Bogotá, D.C., veintisiete (27) de febrero de dos mil quince (2015).
Decide la Corte la acción de tutela instaurada por Mélida Rojas Vásquez y Alexander Valencia contra la Sala Única del Tribunal Superior del distrito judicial de Yopal y el Juzgado Promiscuo del Circuito de Paz de Ariporo.
ANTECEDENTES
1. Los promotores del amparo reclaman protección constitucional de sus derechos fundamentales al debido proceso y «a una administración de justicia sujeta estrictamente al imperio de la ley» (fl. 52 precedente), que dicen vulnerados con ocasión de las sentencias de 25 de junio de 2013 proferida por el Tribunal criticado y 18 de mayo de 2012 emanada del Juzgado accionado, en el juicio abreviado posesorio que en su contra y la de José Miguel Mogollón promovió María Lucía Barbosa Prieto.

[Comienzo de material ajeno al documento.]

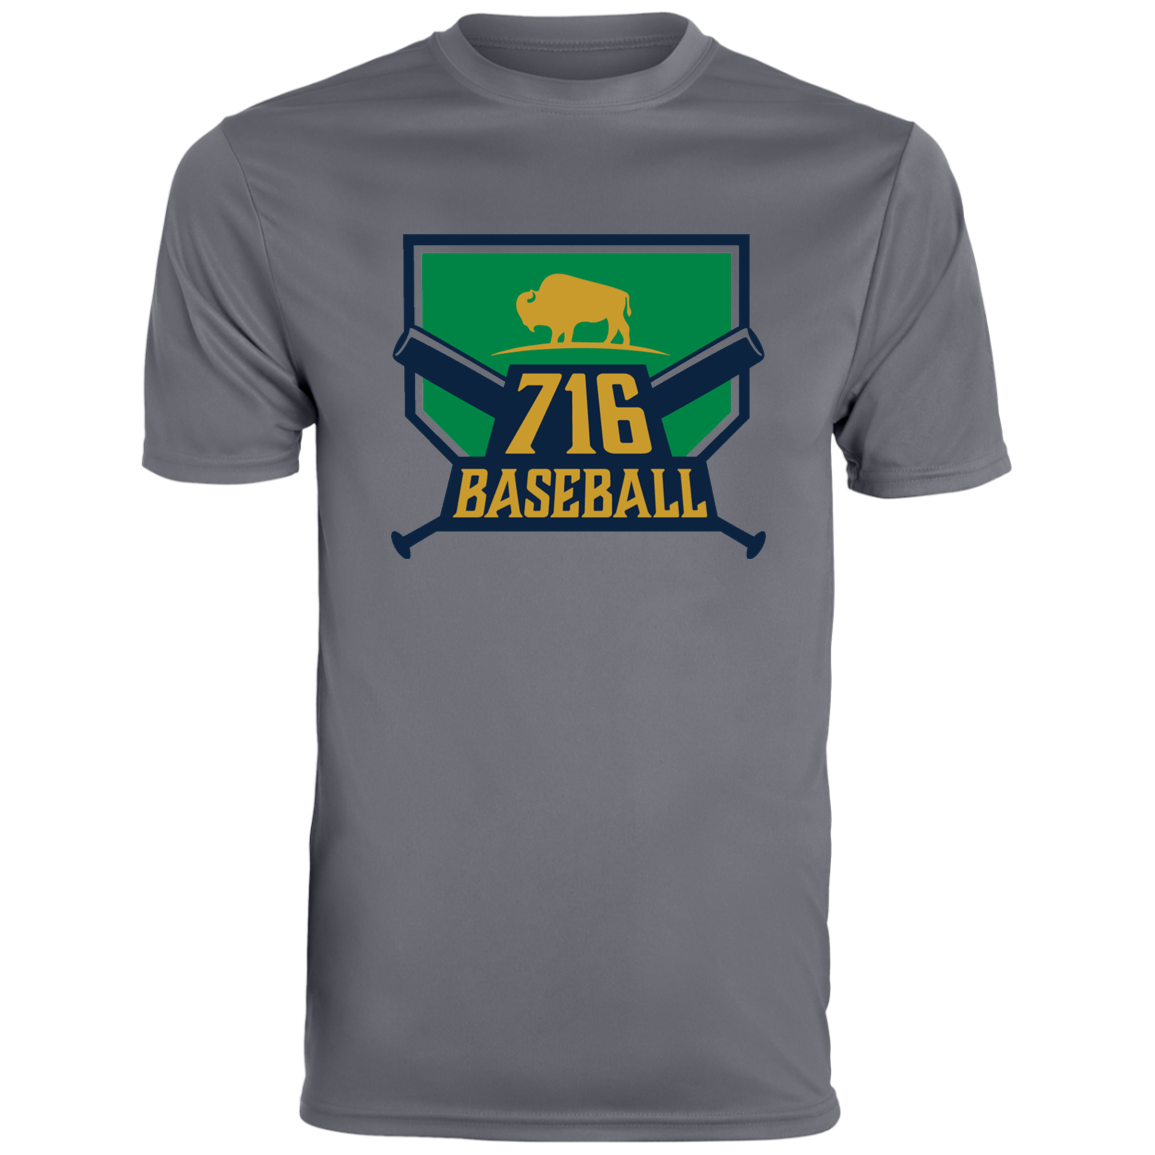 716 Baseball Men's Moisture-Wicking Tee

Solicitaron, en consecuencia, «dejar sin valor ni efecto la sentencia del tribunal» (fl. 59 precedente).
2. Los accionantes sustentan su libelo, en síntesis, tras indicar que a través del litigio descrito la allí demandante pretendía recuperar la posesión del predio rural denominado Las Margaritas ubicado en el municipio de Paz de Ariporo, pretensión que fue estimada por con sentencias de 18 de mayo de 2012 y 25 de junio de 2013 dictadas, en su orden, por el Juzgado y la Colegiatura accionadas.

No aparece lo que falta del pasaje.